Critical Vulnerabilities in React and Next.js

An attacker could exploit CVE-2025-55182 to perform remote code execution. CVE-2025-55182 affects React and dependent React frameworks such as Next.js.

Threat ID:: CC-4723
Threat Severity:: High
Published:: 4 December 2025 1:43 PM

Report a cyber attack: call 0300 303 5222 or email [email protected]

Summary

An attacker could exploit CVE-2025-55182 to perform remote code execution. CVE-2025-55182 affects React and dependent React frameworks such as Next.js.

Affected platforms

The following platforms are known to be affected:

React

React Server Components:

react-server-dom-webpack: versions 19.0, 19.1.0, 19.1.1, and 19.2.0
react-server-dom-parcel: versions 19.0, 19.1.0, 19.1.1, and 19.2.0
react-server-dom-turbopack: versions 19.0, 19.1.0, 19.1.1, and 19.2.0

If your JavaScript app does not implement any React Server Function endpoints it may still be vulnerable if your app supports React Server Components.

If your app’s React code does not use a server, your app is not affected by this vulnerability. If your app does not use a framework, bundler, or bundler plugin that supports React Server Components, your app is not affected by this vulnerability

The following platforms are also known to be affected:

Some React frameworks and bundlers depend on, have peer dependencies for, or include the vulnerable React packages. The following React frameworks and bundlers are known to be affected:

Next.js
React Router
Waku
@parcel/rsc
@vitejs/plugin-rsc
RedwoodSDK

Threat details

CVE-2025-55182 Under Active Exploitation

Security researchers have reported observed exploitation of CVE-2025-55182 in the wild.

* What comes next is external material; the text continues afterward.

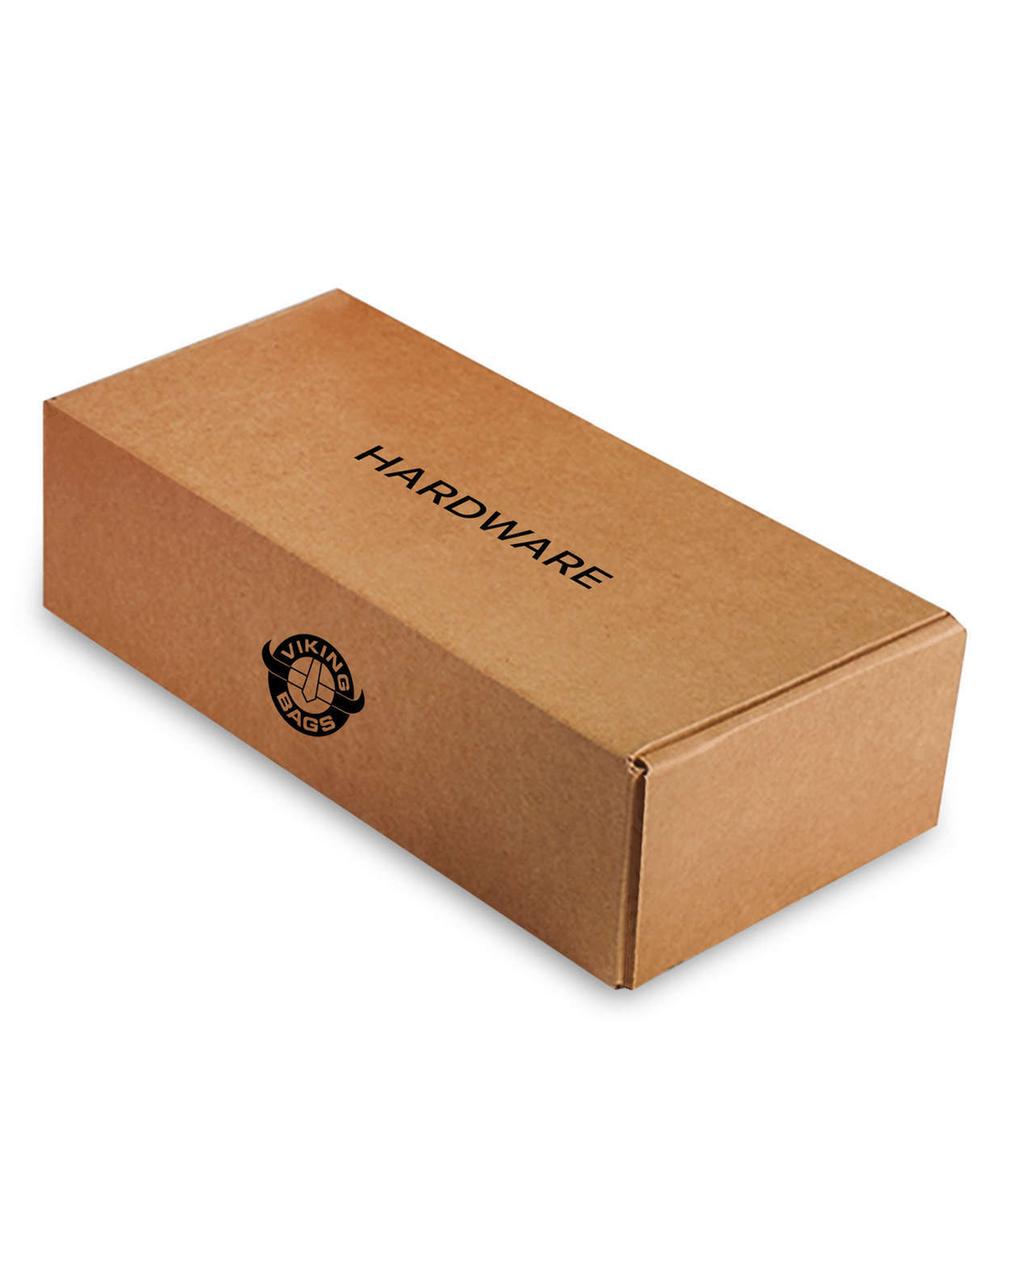 Honda VTX 1300 C Medium Charger Slanted Motorcycle Saddlebags Hardware Box

The NHS England National CSOC is aware that several functional proof-of-concept exploits exist for CVE-2025-55182 and assesses that continued successful exploitation in the wild is highly likely.

Introduction

React has released a security update to address a critical severity vulnerability in React Server Components. JavaScript applications and frameworks that support React Server Components are also affected. React Server Components allow web application clients to call a function on the React server, translating the HTTP requests into function calls and returning the requested data to the client.

Vulnerability Details

CVE-2025-55182 is an "unauthenticated remote code execution (RCE)" vulnerability with a CVSSv3 score of 10.0.

A remote, unauthenticated attacker could craft a malicious HTTP request to any Server Function endpoint that, when deserialised by React, could allow the attacker to execute arbitrary code on the server.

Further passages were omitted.